简体繁体 English

预计 ETA 在使用 python 的 apache beam GCP 数据流管道中使用管道 I/O 和运行时参数？

[英]Expected ETA to avail Pipeline I/O and runtime parameters in apache beam GCP dataflow pipeline using python?

原文 2020-02-10 08:51:31 8 2 python/ google-cloud-platform/ google-cloud-dataflow/ apache-beam/ apache-beam-io

Just wanted to know do we have more pipeline I/O and runtime parameters available with new version (3.X) of python.只是想知道我们是否有更多的管道 I/O 和运行时参数可用于新版本 (3.X) 的 python。 If I am correct then currently apache beam provide only File-based IOs: textio, avroio, tfrecordio when using python.如果我是正确的，那么当前 apache beam 在使用 python 时只提供基于文件的 IO：textio、avroio、tfrecordio。 But with Java we have more options available like File-based IOs, BigQueryIO, BigtableIO, PubSubIO and SpannerIO.但是对于 Java，我们有更多可用选项，例如基于文件的 IO、BigQueryIO、BigtableIO、PubSubIO 和 SpannerIO。

In my requirement I want to use BigQueryIO in GCP dataflow pipeline using python 3.X, But currently it is not available.在我的要求中，我想在使用 python 3.X 的 GCP 数据流管道中使用 BigQueryIO，但目前它不可用。 Does anyone have some update on ETA when will it be available by apache beam.有没有人有关于 ETA 的一些更新，什么时候可以通过 apache beam 获得。

2 个解决方案

The BigTable Connector for Python 3 is under development for some time now. Python 3 的 BigTable 连接器已经开发了一段时间。 Currently, there is no ETA but you can follow the relevant Pull-Request from the official Apache Beam repository for further updates.目前，没有 ETA，但您可以关注官方 Apache Beam 存储库中的相关Pull-Request以获取进一步更新。

BigQueryIO has been available for quite some time in the Apache Beam Python SDK. BigQueryIO在 Apache Beam Python SDK 中已经可用了很长时间。

There is also a Pub/Sub IO available as well as BigTable (write) .还有一个Pub/Sub IO和BigTable (write) 可用。 SpannerIO is being worked on as we speak.

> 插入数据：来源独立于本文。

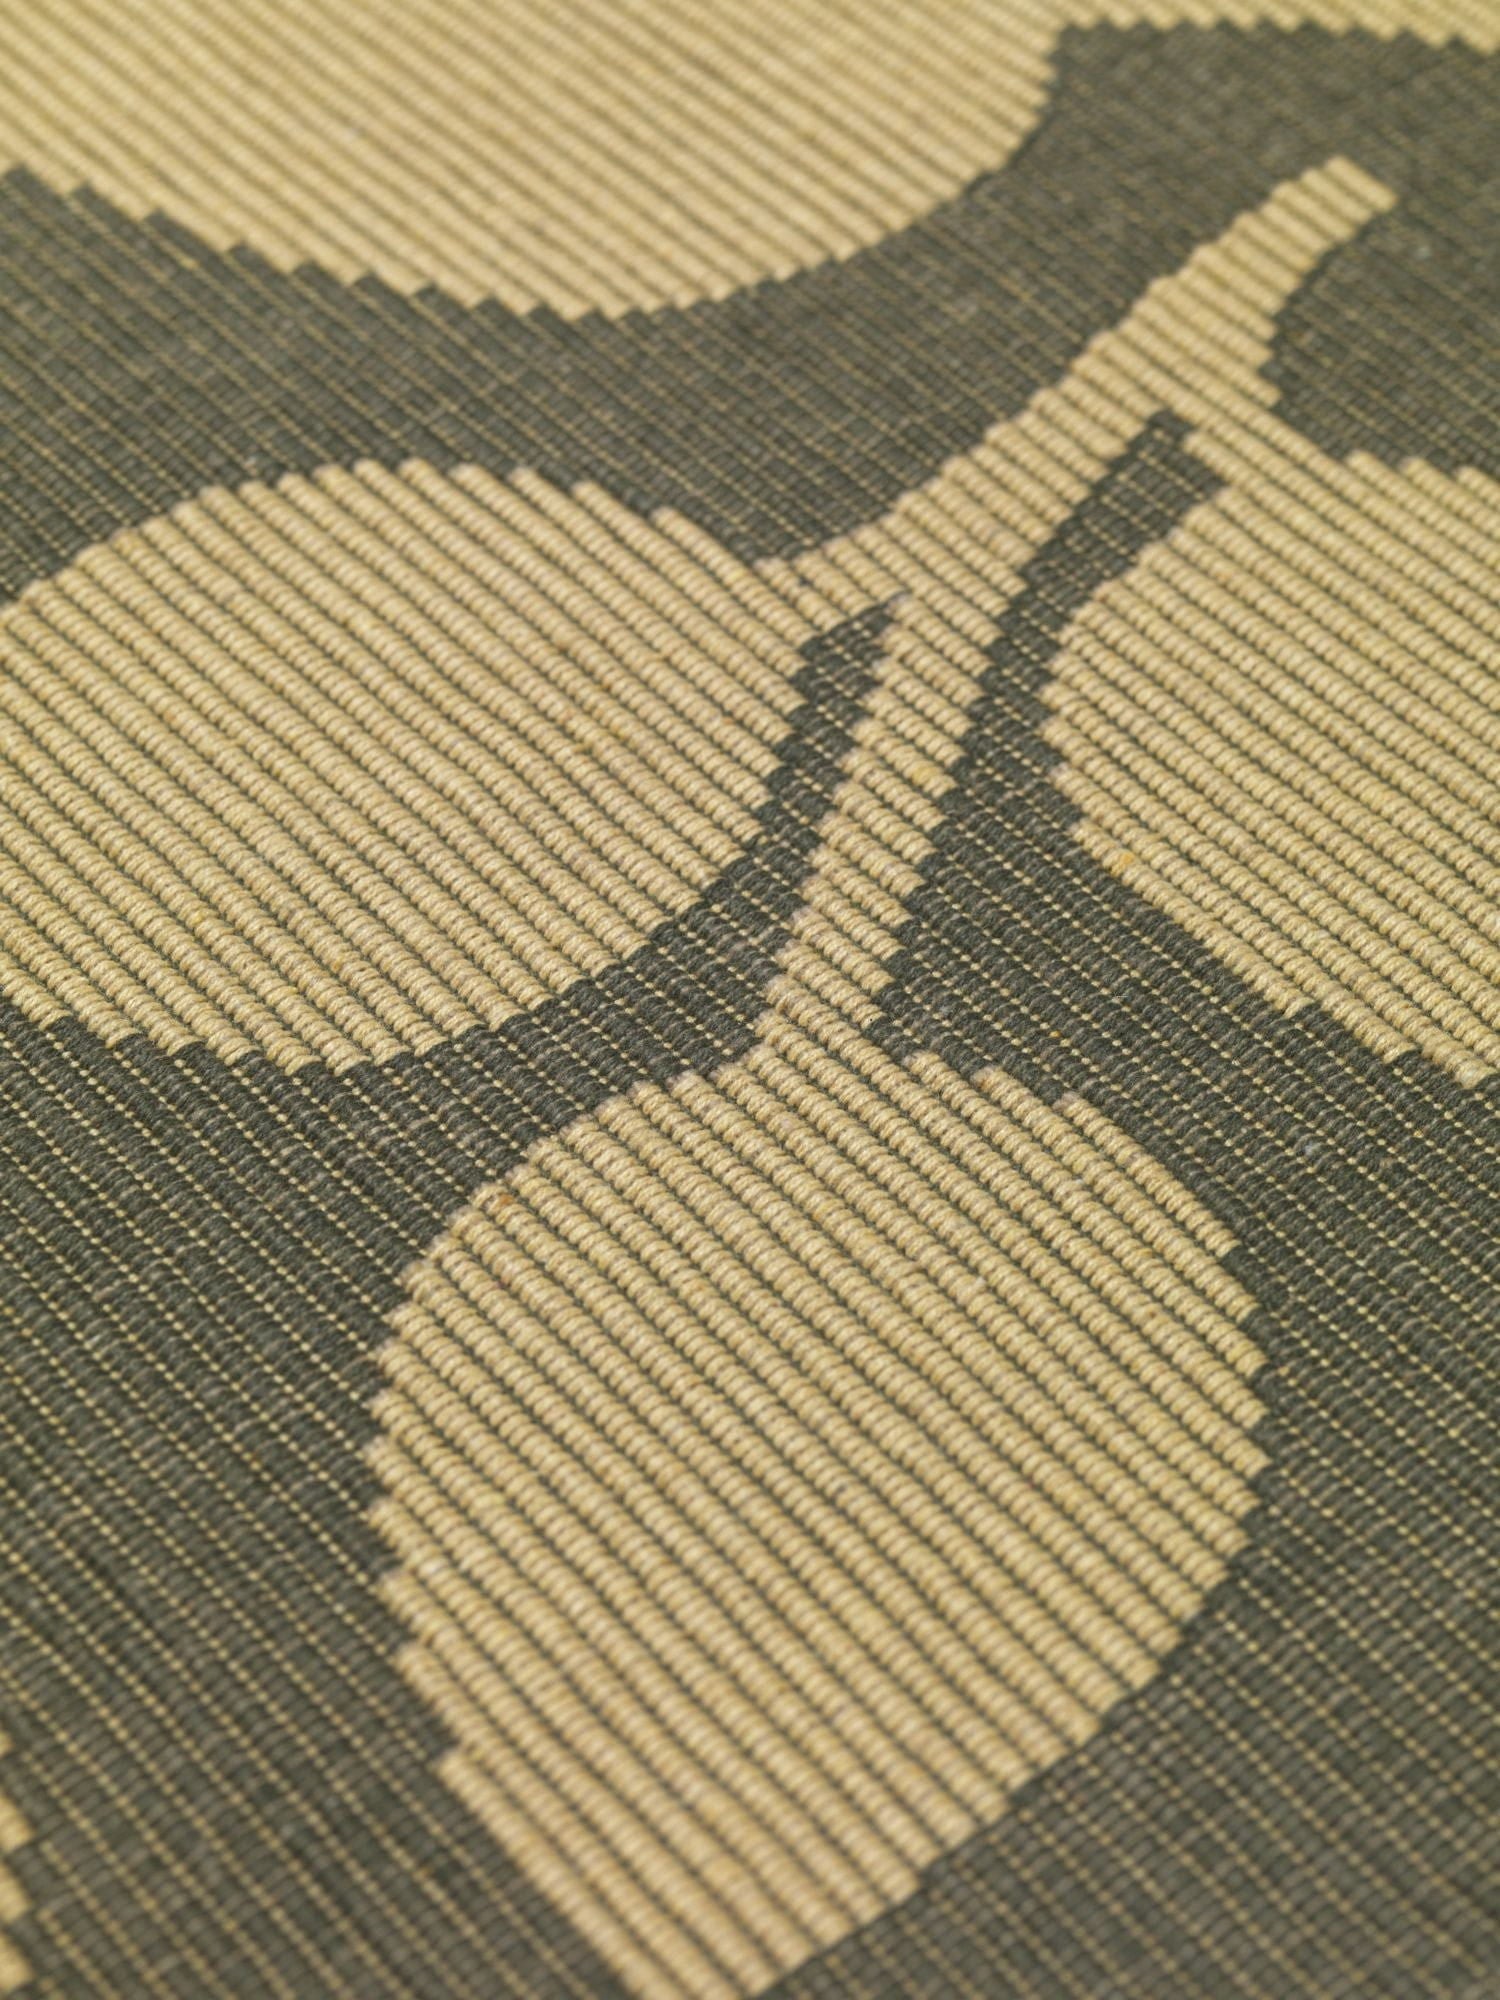 Rosendahl Rosendahl Textiel buiten natura 43x30 cm, groen
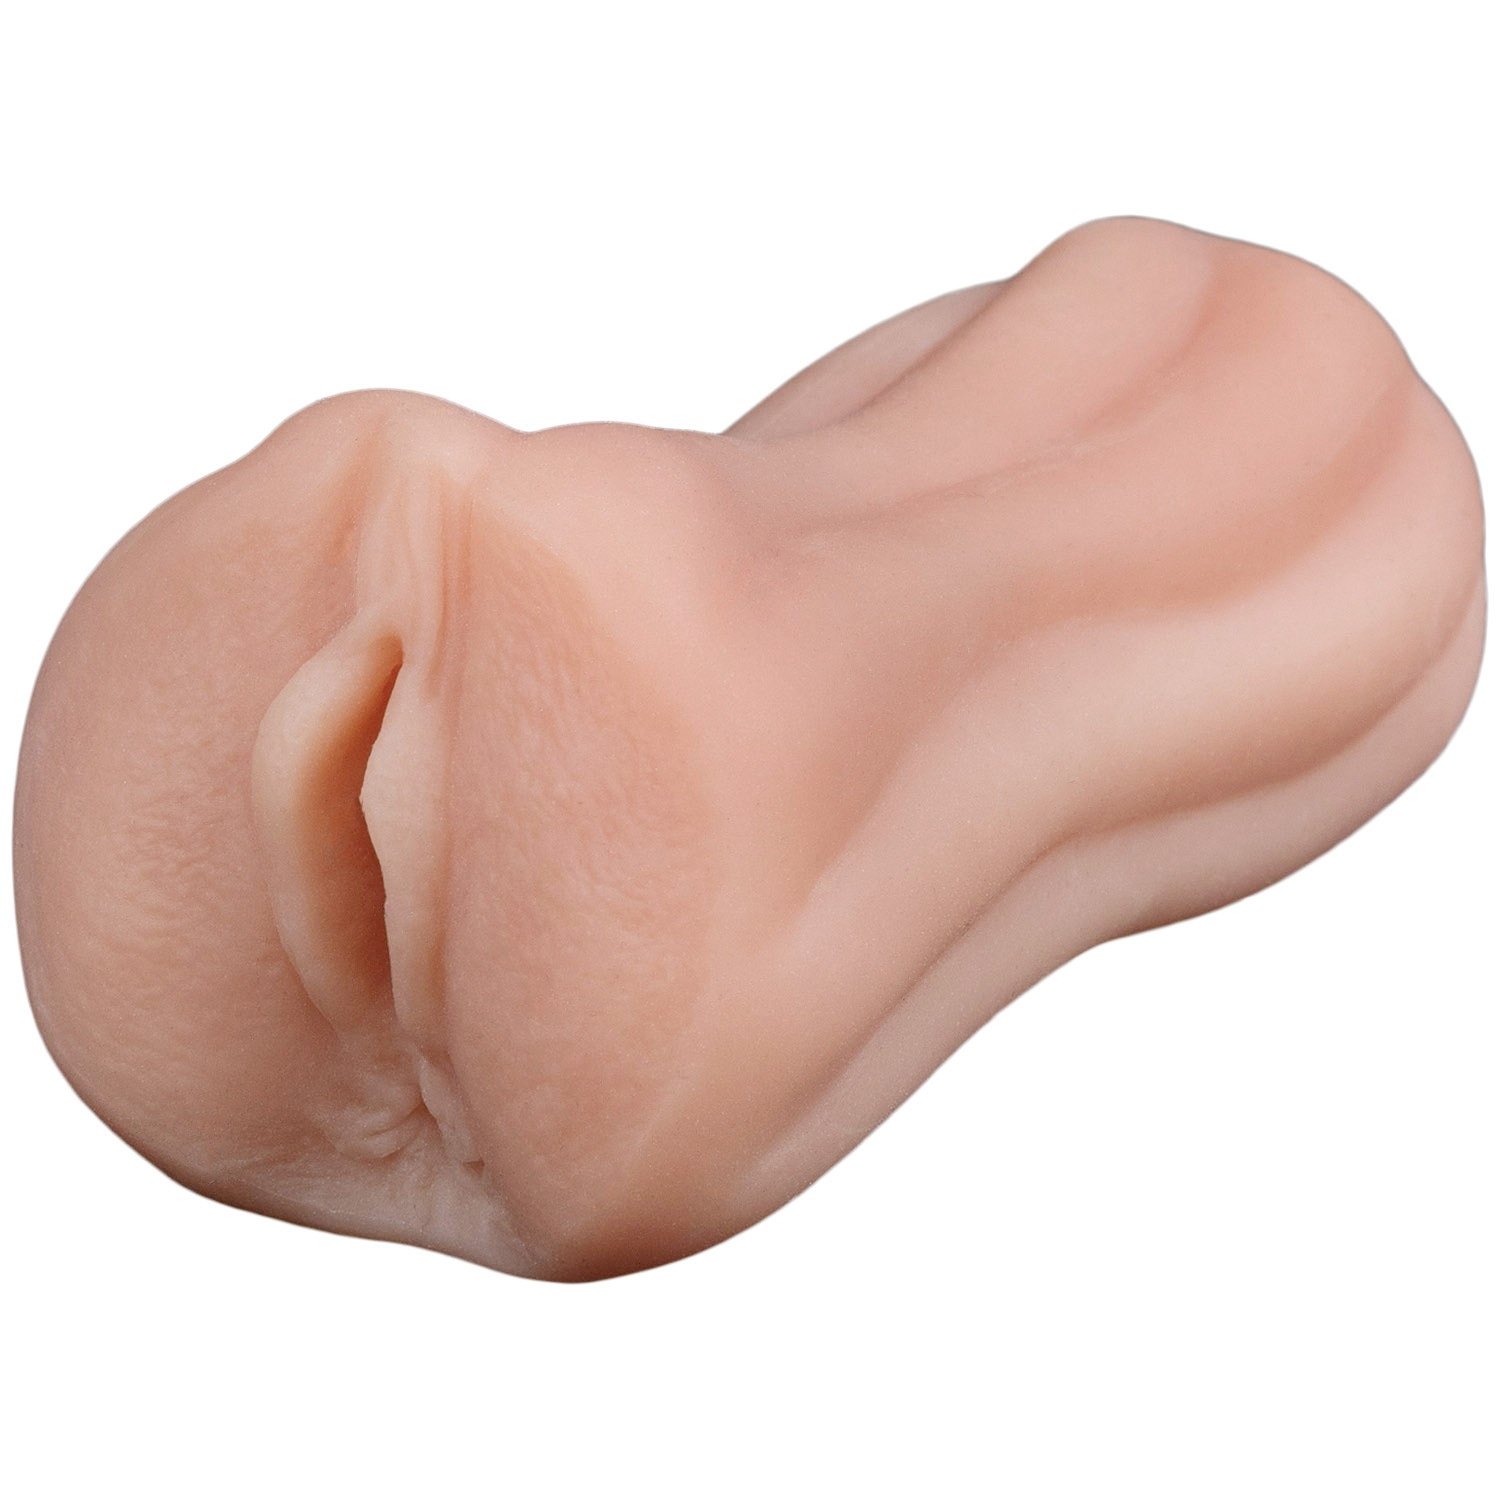 MR.MEMBR Anabella Realistisk Pocket Pussy - Nude | Män//Onaniprodukter//REA för Män//REA för Män//REA//Handjob Stroker//Realistiska Vaginor//MR.MEMBR | Intimast

SpannerIO正在开发中。

This page has more detail https://beam.apache.org/documentation/io/built-in/此页面有更多详细信息https://beam.apache.org/documentation/io/built-in/

UPDATE:更新：

In line with OP giving more details, it turns out that indeed using value providers in the BigQuery query string was not supported.根据 OP 提供的更多详细信息，事实证明确实不支持在 BigQuery 查询字符串中使用值提供程序。

This has been remedied in the following PR: https://github.com/apache/beam/pull/11040 and will most likely be part of the 2.21.0 release.这已在以下 PR 中得到解决： https : //github.com/apache/beam/pull/11040，并且很可能成为 2.21.0 版本的一部分。

UPDATE 2: This new feature has been added in the 2.20.0 release of Apache Beam https://beam.apache.org/blog/2020/04/15/beam-2.20.0.html更新 2：此新功能已添加到 Apache Beam 的 2.20.0 版本https://beam.apache.org/blog/2020/04/15/beam-2.20.0.html

Hope it solves your problem!希望它能解决您的问题！